Pero ante todo, más allá de las modas y de la historia, el sombrero, la más bella prenda creada por el hombre, la imagen que mitiga el sol del vaquero que "va cantando una tonada", la del hombrecito haciendo sombra en el aire de Comala, la del que mide el maíz a sombreradas, está asociada al lugar donde ocurren amores y crueldades: la cabeza, que según los escaldos es la fragua del canto.
Una vez usé sombrero. Como una muchacha a la que amaba me habló de mi parecido con Rembrandt, me mandé hacer un sombrero como el suyo. La diferencia, me dije al disfrazarme, es que el gorro de Rembrandt tuvo una mejor cabeza, sin duda, una mejor cabeza. Y este recuerdo de Rembrandt me lleva, muy a mi pesar, a terminar con una impensable moraleja: que tu cabeza merezca su sombrero.
El complaciente paraguas
Por Henry Luque Muñoz
Quizás el paraguas, en su inocencia original, ha sido acompañante del paracaídas y del preservativo, del globo y la tienda de campaña, del deltaplano y la cometa, del mástil y la antena de televisión. Las excelsas cúpulas bizantinas parecen majestuosos paraguas enlaminados de oro. El pekinés Templo del Cielo: un paraguas caído de la eternidad. El más grande paraguas ha sido la caverna celeste y el más pequeño, el alfiler o la cerilla.
Hay paraguas naturales: el champiñón y de ahí que en la mesa del fabricante, el bambú contemple siempre a la callada seda provocativa. En todo caso, es un palo con alcurnia. Inventado en China, a finales del siglo IV d.C., fue asociado con los cultivos y los astros, tuvo su verdadero punto de partida en la dinastía Wei (386-532 d.C.).
Luego, en 1368, elaborado de seda y papel encerado, tras democratizarse en los estratos sociales según el color, quedó reservado, por ley, a la familia imperial. De hecho, la silueta del paraguas semeja un hombre coronado. Nacido para protegerse del sol y de la lluvia ha realizado una larga carrera invadiendo diversos mundos, comunidades africanas, por ejemplo.
Pertenece a la vez a una estirpe lúbrica y solar. Sugiere una vocación aérea y tiende a eludir la ley de la gravedad. Acaso en Europa empezó a fabricarse de madera o, surgió, lejos, cuando un hombre de la Edad de Piedra dejó por un instante su mazo y se calzó en el cráneo una gigante hoja vegetal.
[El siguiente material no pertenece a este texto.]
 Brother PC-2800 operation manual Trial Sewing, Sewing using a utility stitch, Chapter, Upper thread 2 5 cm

Los famosos: el invisible paraguas del fútbol, el que se convierte en lienzo de artistas orientales, el que, en su versión femenina, adorna señoritas campestres pintadas por Goya o el paraguas que invertido y elevado en un rincón tenía el poeta Vicente Huidobro: allí arrojaba palabras escritas en pedazos de papel que luego unía antojadizamente. Y el de Lautréamont, cuando esbozó aquella especie de canon vanguardista: “Bella como el encuentro fortuito de una máquina de coser y un paraguas sobre una mesa de disección”.
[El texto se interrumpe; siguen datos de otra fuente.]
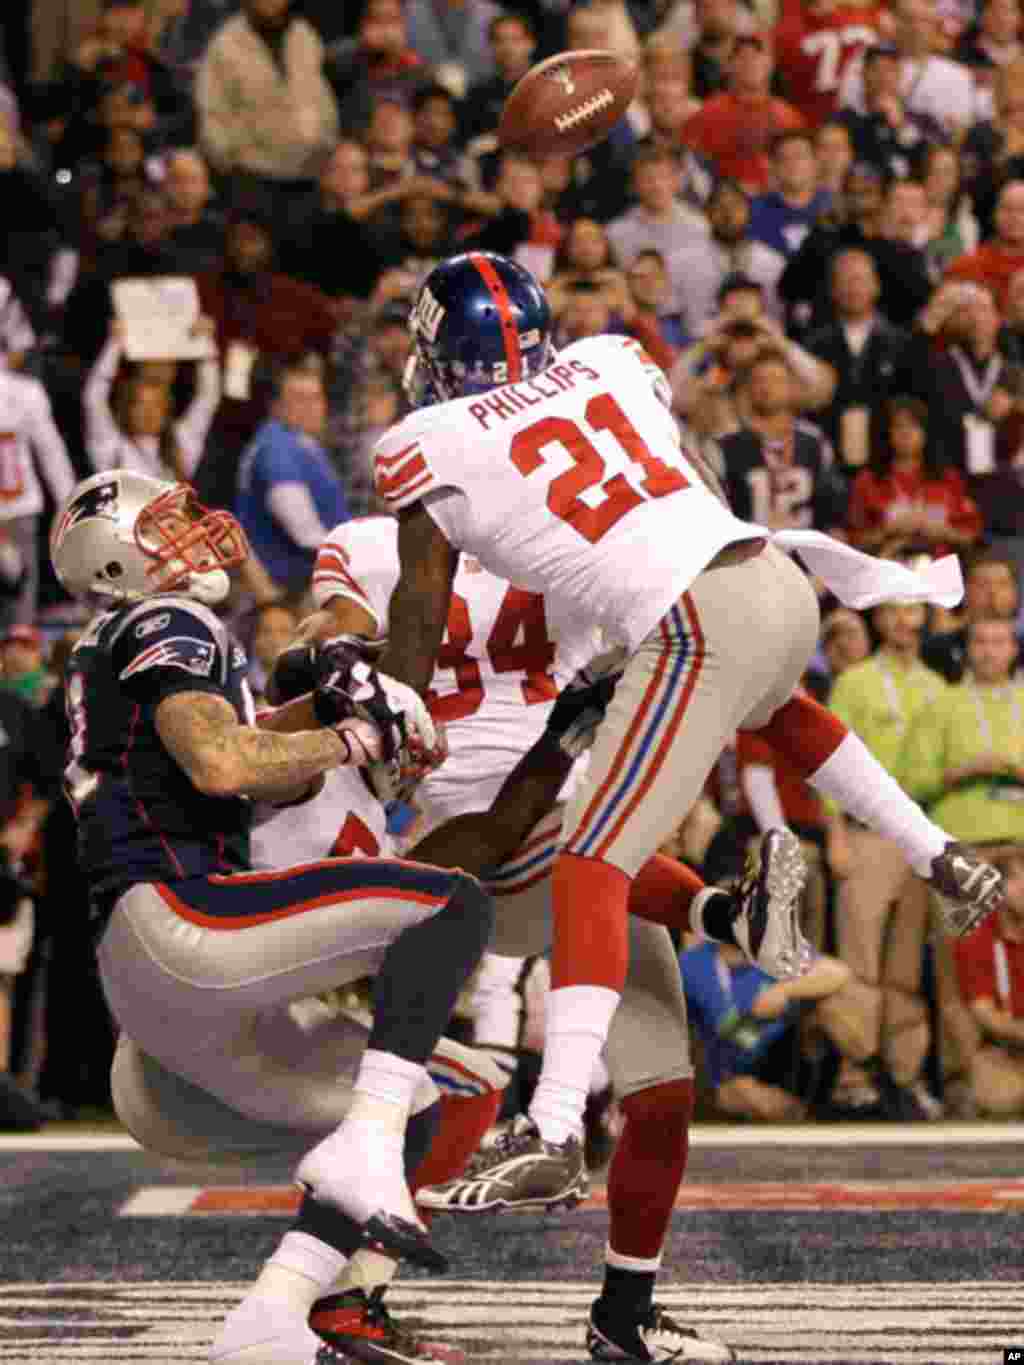 New York Giants safety Kenny Phillips (21) breaks up a pass intended for New England Patriots tight end Aaron Hernandez, left, during the second half of the NFL Super Bowl XLVI football game, February 5, 2012, in Indianapolis, Indiana. (AP)

Auxiliar de la gestualidad chaplinesca, impulsó la risa crítica en inmensos auditorios. Complemento de un atuendo armónico en su estilo clásico, ha sido utensilio de la elegancia personal. Humanizado, es el matrimonio del falo enmaderado y la red complaciente. Su eréctil verticalidad suele exhibirse con flotante y pagana elegancia, su contextura vegetal le confiere el ardor de la naturaleza. Y el mango con su aire de perpetuo movimiento.